Remissivo, Huso segue la ragazza attraversando il villaggio. Alcune donne stanno preparando il materiale per la spedizione: tabacco, pelli conciate, una coperta di lana, carne e pesce secco, il tutto legato in un fagotto. Gli uomini, invece, predispongono corde, coltelli e lance munite di arpioni. Gesti che affascinano Huso, alleggerendone la tensione. Non ha mai visto un ippopotamo, ma ne ha sentito parlare: quando uno yee entra in acqua, il coccodrillo si allontana; eppure, persino il leone teme il coccodrillo.
«Quella è la capanna di Aban» spiega Maluum, indicando il bivacco dove sono radunati altri ragazzi. «É stato un grande cacciatore».

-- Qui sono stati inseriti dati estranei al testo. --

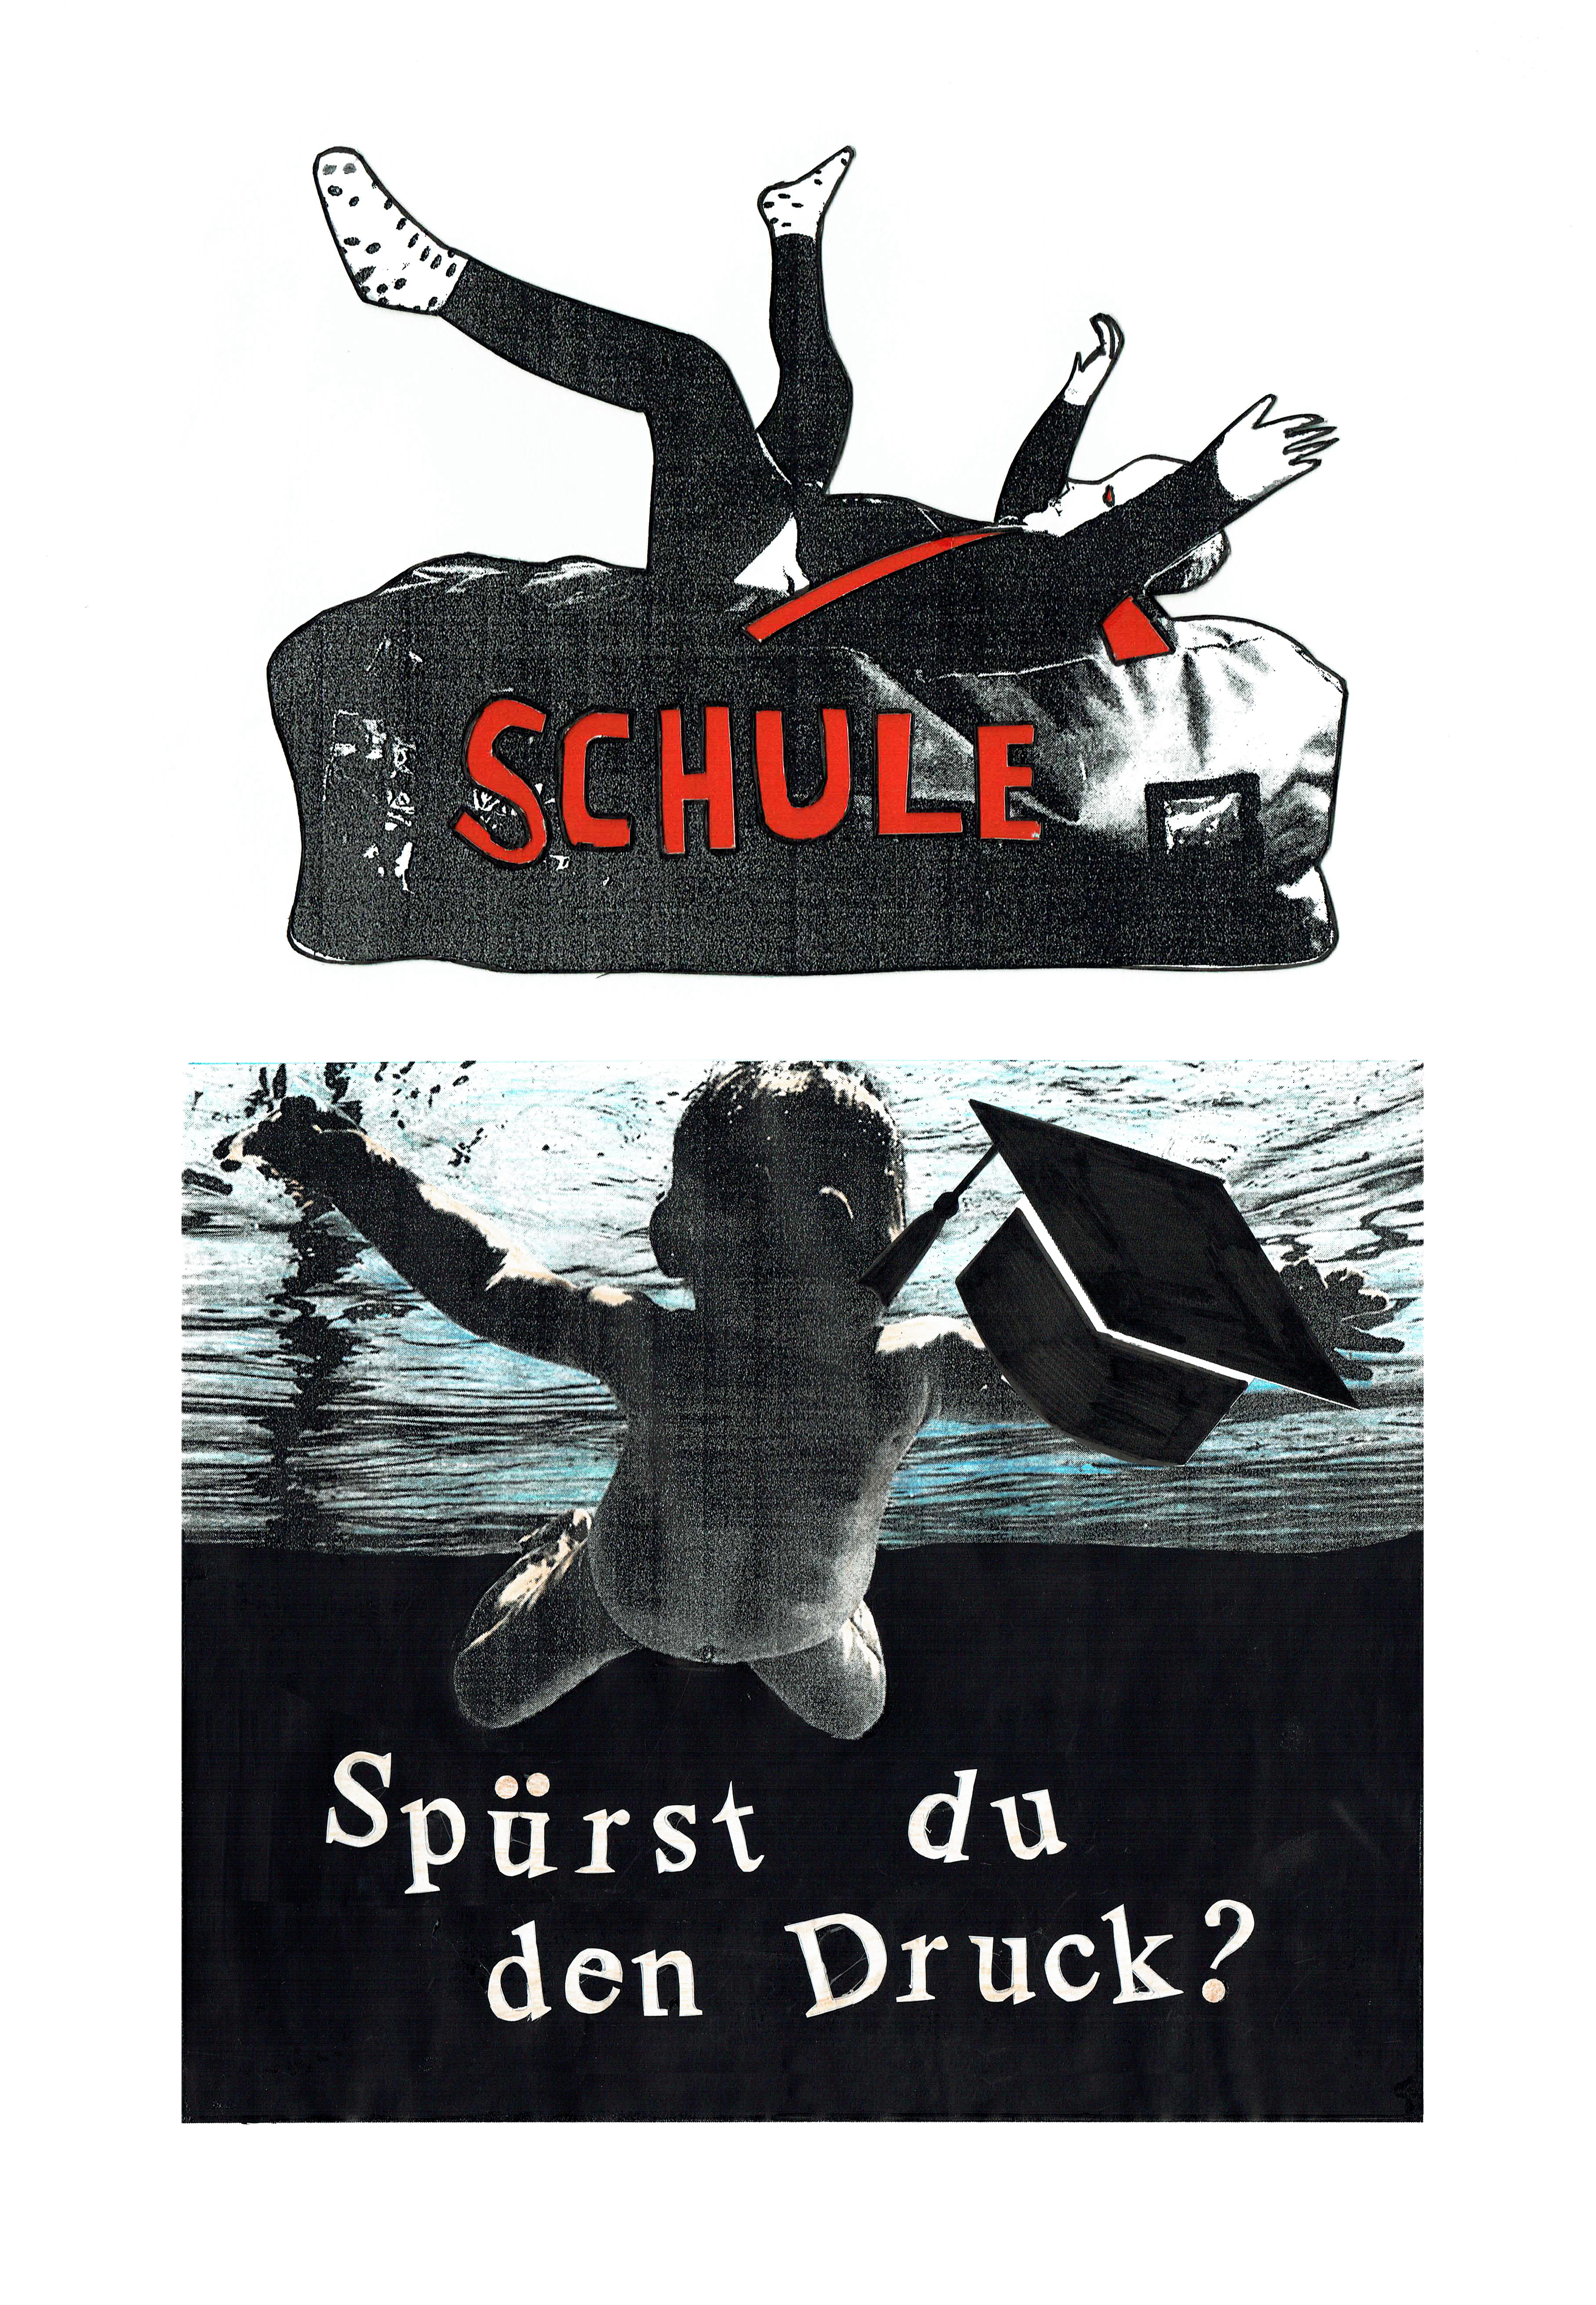 Sozialpolitische Plakate, Collage, oben: Luka Raffa, unten: Julia Pfeifer, Q12

Seduti a semicerchio, i ragazzini reggono una ciotola da cui pescano la cena, nell’attesa che l’uomo inizi il racconto. Huso, unendosi a loro, mette subito a fuoco la figura esile del narratore: un vecchio ricurvo, dalla pelle e gli occhi bruciati dal vento e dal sole. Stenta a credere, però, che quell’omino possa aver cacciato un animale più grande di una suricata.

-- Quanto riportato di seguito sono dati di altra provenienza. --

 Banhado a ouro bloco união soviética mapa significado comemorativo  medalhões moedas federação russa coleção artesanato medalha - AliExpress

«Ero ragazzino, quando ho partecipato al mio primo Tuul» esordisce il vecchio. Le mani degli uditori si fermano a mezz’aria, le bocche semiaperte. «Tuul è la caccia sacra: solo all’uomo più coraggioso è dato di uccidere lo yee. Quel giorno, mio padre era fra i cacciatori che marciavano lungo la riva, mentre io, ancora giovane, ero d’aiuto sulla Kadish, la grande zattera».

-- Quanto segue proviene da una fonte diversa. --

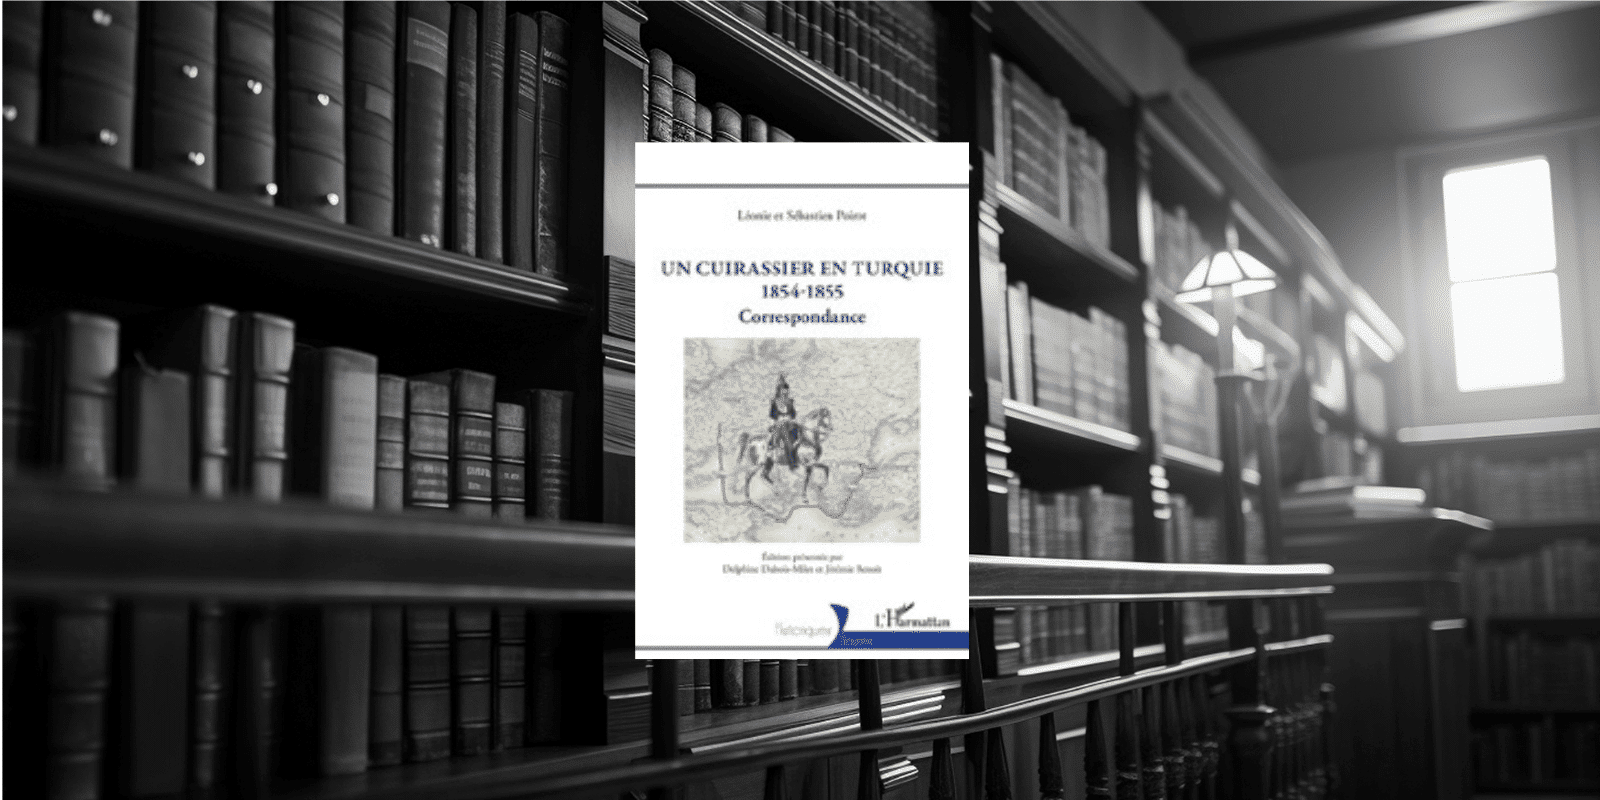 Livre : UN CUIRASSIER EN TURQUIE (1854-1855) Correspondance

Huso è rapito dal racconto, nemmeno s’accorge che Maluum gli porge una ciotola di pesce stufato. La fantasia è proiettata nell’immaginarsi fra i cacciatori, durante la marcia, nella preparazione degli arpioni serrati alla lancia.
«Il secondo giorno avvistammo il branco, un gruppo numeroso che riposava vicino riva. Con la zattera ci fermammo a distanza, osservando la scena. I cacciatori si mossero lentamente; scivolando nel lago, lasciarono solo la testa fuori dall’acqua. Uno dopo l’altro, si avvicinarono alla preda formando un semicerchio per bloccarne la fuga. Quando gli furono abbastanza vicini, iniziarono a gridare: “Too! Too!”» urla, facendo trasalire i ragazzini. «L’animale, enorme, attaccò i cacciatori per aprirsi un varco. Mio padre gli era davanti e io avevo paura, imploravo i nostri avi che gli facessero salva la vita. Lo yee spalancò la bocca per azzannarlo. I compagni cercarono di colpirlo, ma mio padre non si mosse, aspettò la distanza giusta e, con tutta la sua forza, gli conficcò l’arpione nel collo». Mima la scena. «Il primo che riesce ad arpionare la preda ha diritto di ucciderla. Così, mentre i compagni lo colpivano per sfinirlo, mio padre si tuffò in acqua per trafiggerlo raggiungendogli il cuore. Doveva stare attento, però; la bocca dello yee è molto pericolosa. Mio padre era immerso, mentre lo yee si dibatteva; l’acqua ribolliva tingendosi di sangue. I compagni tesero le corde, per costringere l’animale verso riva. Io strinsi così forte la fune della zattera da far sanguinare i palmi delle mani. Il tempo passava e mio padre non riemergeva; i compagni invocavano gli spiriti: Apaa, Swaa e Swoi, finché, chiudendo le fauci con uno schianto, l’animale non s’immobilizzò. Trattenni il respiro, sino a quando non vidi mio padre riemergere con le braccia alzate lanciando un urlo per liberare la gola dall’acqua».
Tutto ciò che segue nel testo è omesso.